Can a selection sort algorithm terminate from its loop early the way a bubble sort is able to?

Question

This program will run fine if I do not include the early termination flag, but it only needs 10 sort passes to fully sort the list, not the full 12. However, when the termination flag is included, it terminates the sorting too early. Following the logic, I can see that this happens because after the third pass the array is ordered like this:

with the index i currently at 7, there are no lesser values to swap it with, so the flag does not get a value of 1 assigned to it and the loop terminates. So I guess my question is, is it possible to break out of a selection sort algorithm early and still fully complete the sort?

#include<stdio.h>
int main()
{
     int list[13]= {23,8,4,7,22,18,39,42,5,88,16,11,3};
     int temp,min,flag;
     printf( "Before Sorting\n" );
     printf( "23 8 4 7 22 18 39 42 5 88 16 11 3\n" );

for( int i=0; i<12; i++ )
    {
        flag = 0;
        min = i;

        for( int j=i+1; j<13; j++ )
            {
                if( list[j]<list[min] )
                    {
                        flag = 1;
                        min = j  ;
                    }
            }

        if( !flag )
            break;

        temp = list[i];
        list[i]=list[min];
        list[min]=temp;

        printf( "\nAfter Pass %d.\n",i+1 );
        for( int i=0; i<13; i++ )
            printf( "%d ",list[i] );

        printf( "\n" );
    }

return 0;
}

Answer 1

Indeed you can. Here is such an implementation,

int selsort(int v[], int n){

  bool sorted = false; // v not known to be sorted
  int  i = 0;          // i smallest elements in place 

  while(!sorted){
    // find min v[i..n-1]
    // check if v[i..n-1] is sorted

    int  j   = i+1;
    int  min = i;    // position of minimum of v[i..j-1]
    sorted   = true; // v[i..j-1] sorted

    while(j<n){
      if(v[j]<v[min]) min = j;        // update min
      if(v[j]<v[j-1]) sorted = false; // update sorted
      j++;
    }

    if (!sorted){
      // place min v[i..n-1] in v[i]
      int aux = v[i];
      v[i]    = v[min];
      v[min]  = aux;      

      i++;
    }
  }

  return EXIT_SUCCESS;
}

As usual, in iteration i we start with v[0..i-1] sorted with the i smallest elements of the array in the correct place.
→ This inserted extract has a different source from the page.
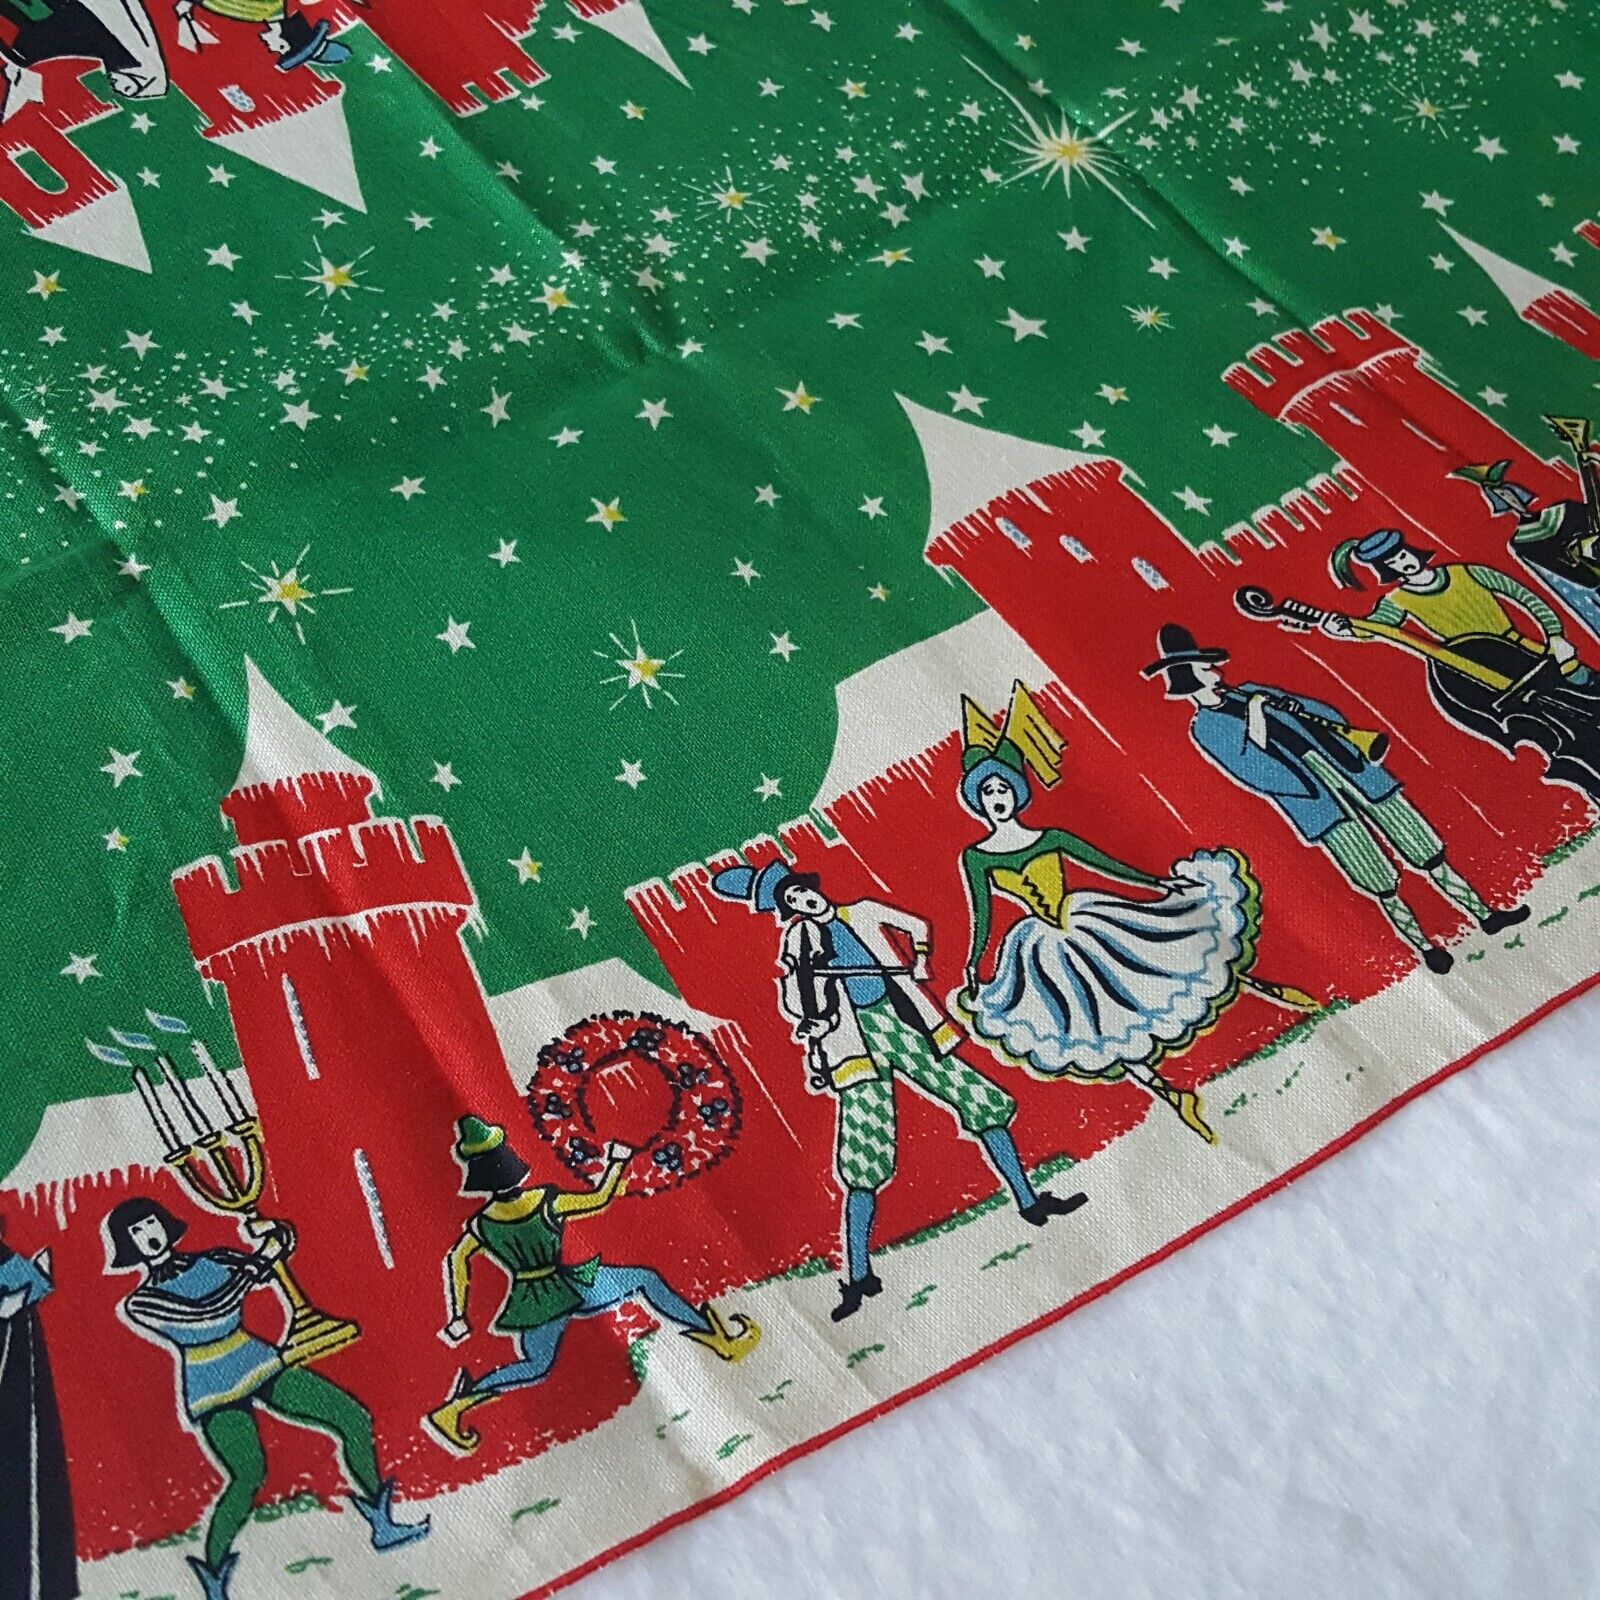 Vintage 18th-19th cent. themed French Linen Christmas Runner Tablecloth NEW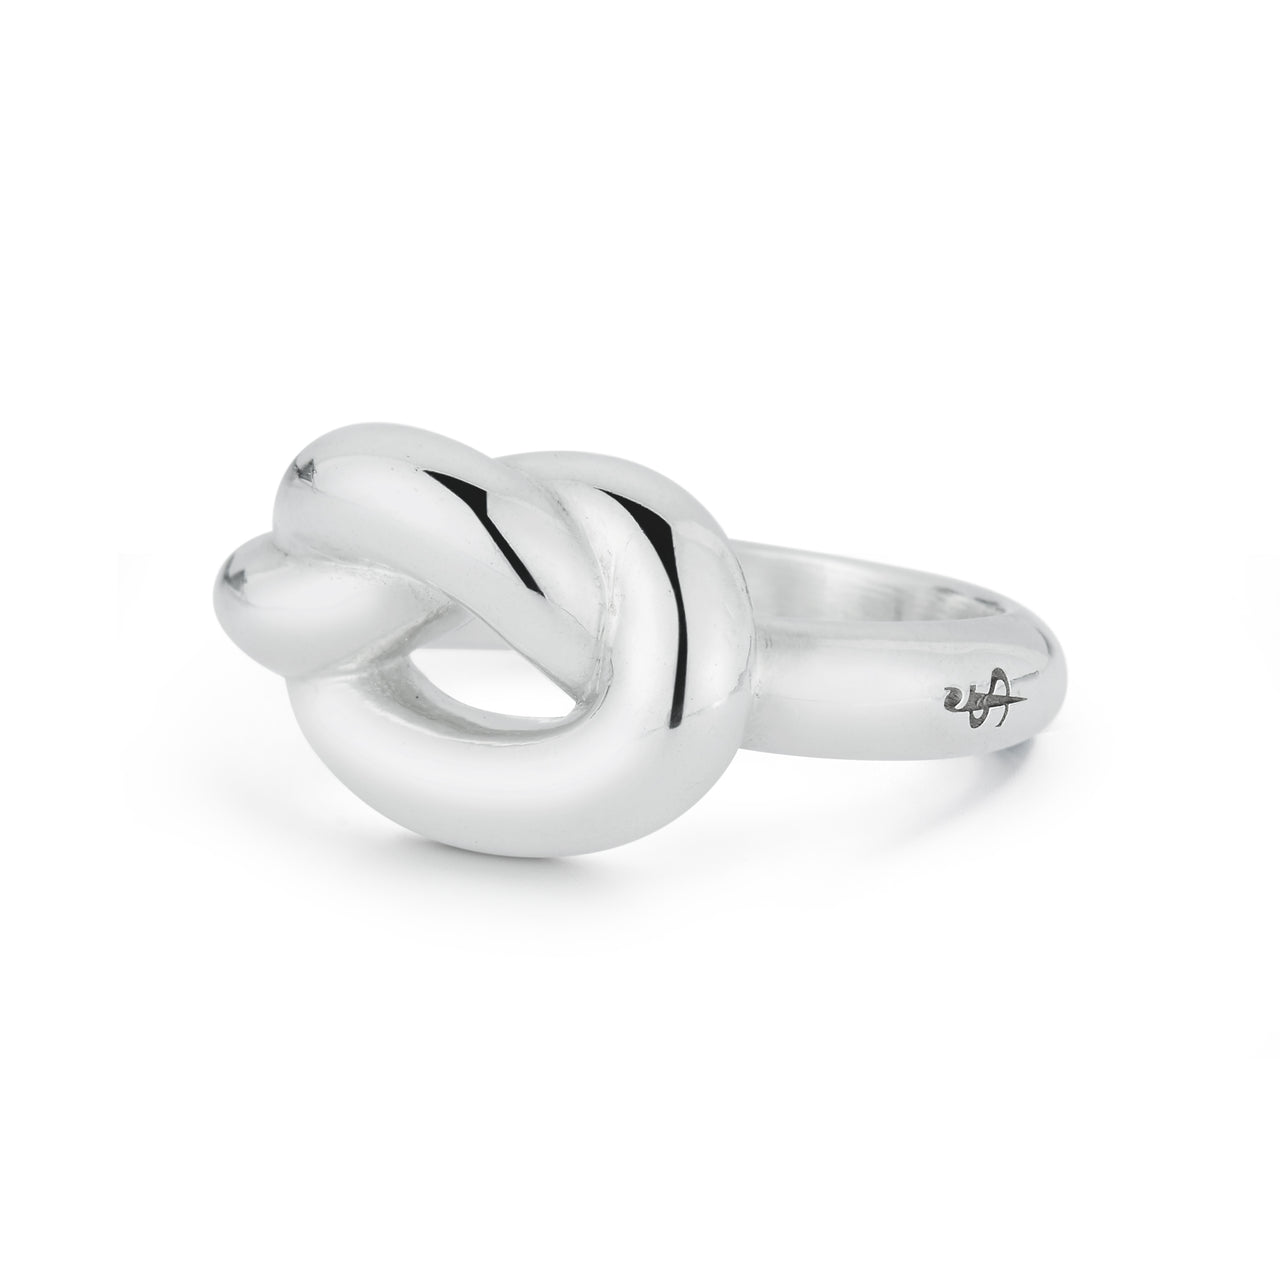 high polished solid sterling silver cocktail statement love knot ring by finn by candice pool neistat

So we want to find the min v[i..n-1] to put in position i. In this variant, as we do that we also check if v[i..n-1] is sorted. If it is sorted then there is nothing else to do.

Your implementation

In your implementation, the way you test for an ordered segment is wrong.

if( list[j]<list[min] )
    {
        flag = 1;
        min = j  ;
    }

Your flag will stay at 0 as long as you don't have to update the minimum in the inner loop. So any segment with the minimum in the first position will be considered sorted.